Whilst this was traumatic for Anne Brontë, the painful memories would lead directly to her first novel Agnes Grey, and the horrors she experienced at Mirfield are replicated in its pages. The Inghams were recreated as the Bloomfield family, just as the Robinsons she worked for later would become the Murrays of the novel. Blake Hall was renamed Wellwood House, and Cunliffe becomes the wicked Tom Bloomfield who loves nothing more than setting traps for animals and torturing birds.
At one point Cunliffe has a nest of young birds, and he tells Agnes how he plans to torture them. Agnes takes a large stone and drops it on the nest, killing it instantly. If this is taken from real life, then we can imagine how painful it must have been for the animal loving Anne.
There can be little doubt that, whilst it is a work of fiction, Agnes Grey the novel does contain many scenes taken from Anne’s own experiences at Blake Hall and at Thorp Green. Apart from the many instances in the novel that have an obvious parallel in real life, we have letters from Charlotte to back up some of the scenes in the novel. For example, Agnes says: ‘A good birch rod might have been serviceable; but as my powers were so limited, I must make the best use of what I had.’ Charlotte writes, talking of Anne’s reports from Blake Hall: ‘The worst of it is that the little monkies are excessively indulged, and she is not empowered to inflict any punishment.’

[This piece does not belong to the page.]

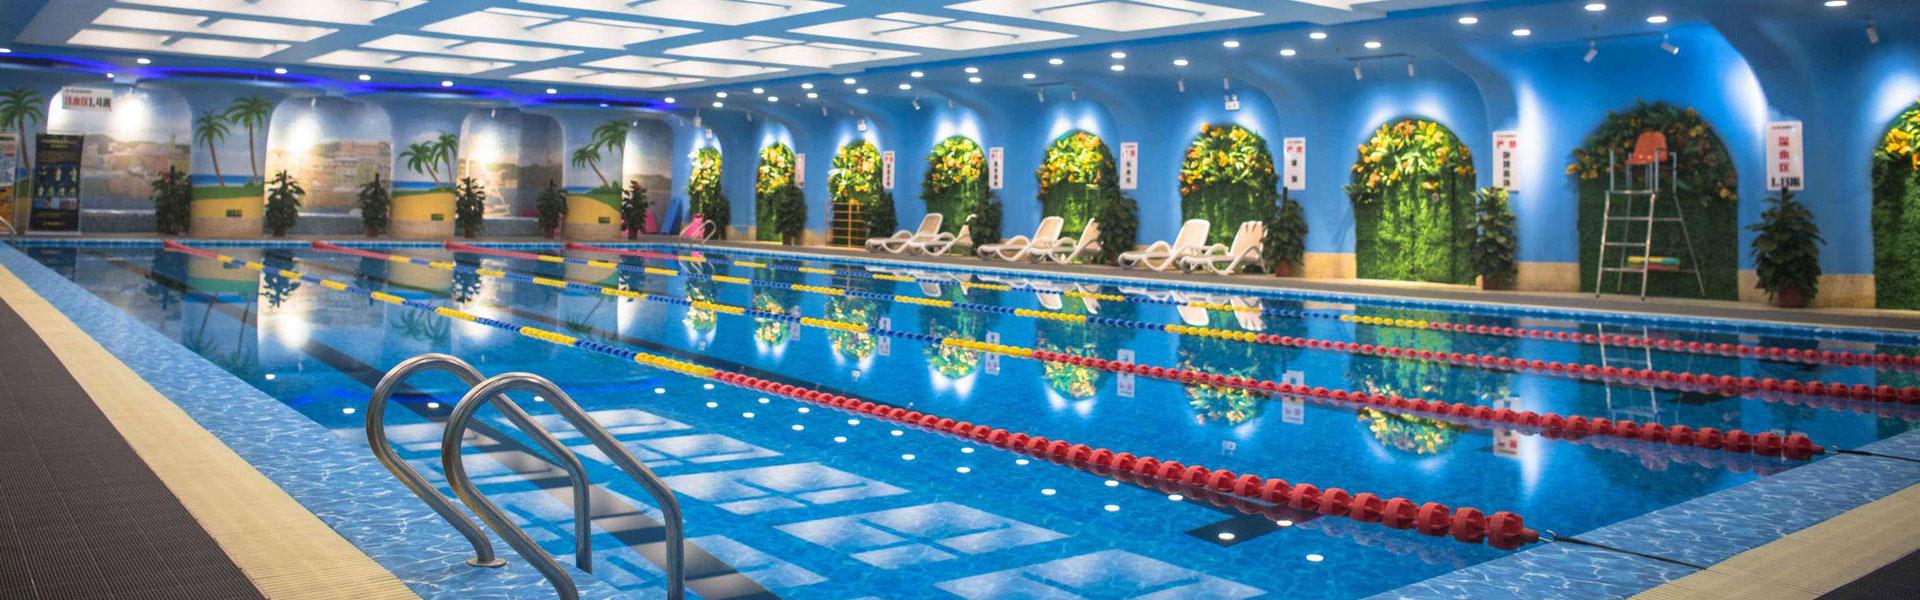 北京宽旗室内温泉水疗-游泳池设备
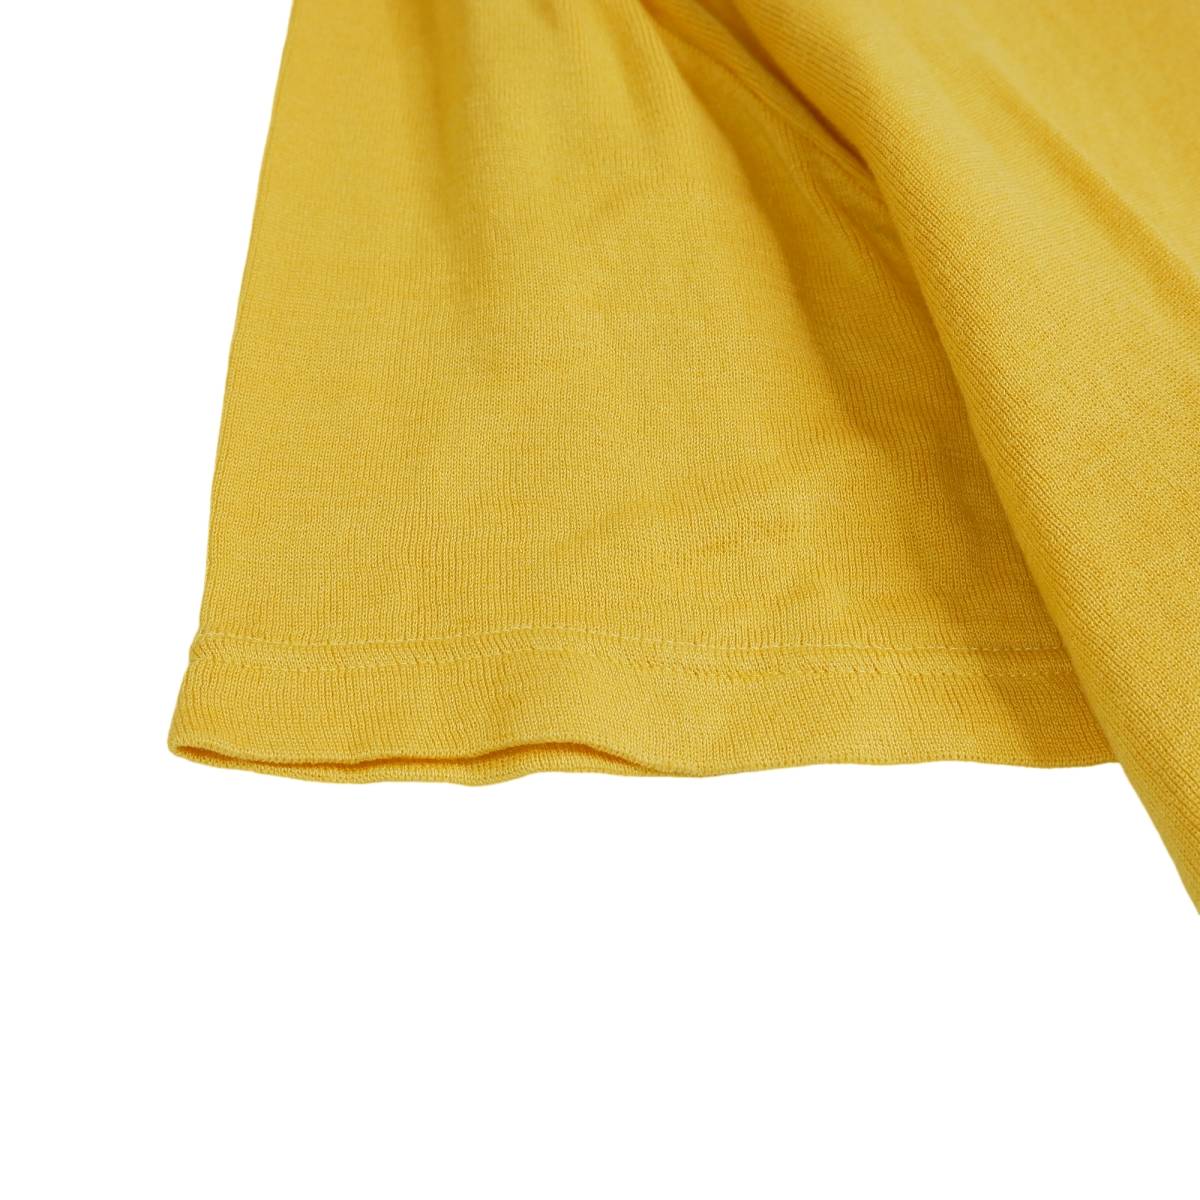 ◆美品 フランス製◆ Letroyes ルトロワ 半袖 コットン ニット カットソー セーター 黄色 レディース 5 ◆送料無料◆ 0674A0

Indeed, Anne herself, in her preface to the second edition of the Tenant of Wildfell Hall, defended herself against accusations that some of the wild scenes in the Bloomfield section of the book were false:
‘The story of Agnes Grey was accused of extravagant over-colouring in those very parts that were carefully copied from the life, with a most scrupulous avoidance of all exaggeration.’
Anne Brontë was finally dismissed from the role of governess to the Ingham family in December 1839, with the parents unhappy at the lack of educational progress made by their children under her tuition. Given their character and abilities, however, she had done well to last for as long as eight months.
So what became of the Inghams? We know that Cunliffe and Mary as adults were both notorious for their vile tempers, although Cunliffe channelled his by becoming an officer in the army and serving in the Crimean war.
We also have a definitive account of an instance when Anne finally lost her patience with her charges. The story was told by Mary Ingam, mother of the children, to her grandaughter Gertrude Elizabeth Brooke, who in turn published it in the Mirfield parish church magazine:
‘One day grandmother, Mary Ingham, went into the schoolroom and found two of her children tied to opposite table legs while Anne wrote.’
The Ingham family went into decline, and the imposing and now old Blake Hall became too expensive to maintain. It was demolished in the 1950s, but the place where it stood in Mirfield is now home to the Blake Hall Estate centred upon Blake Hall Drive. Running off in one direction from this long, broad avenue are Ingham Garth, Ingham Close, and Ingham Croft, while to the south of the road are Brontë Close, Brontë Grove, and Brontë Way.
Mirfield hasn’t forgotten its connections with the brilliant writer who learned and taught there, but in death, as in life, Anne Brontë and the Inghams are on opposite sides of the divide.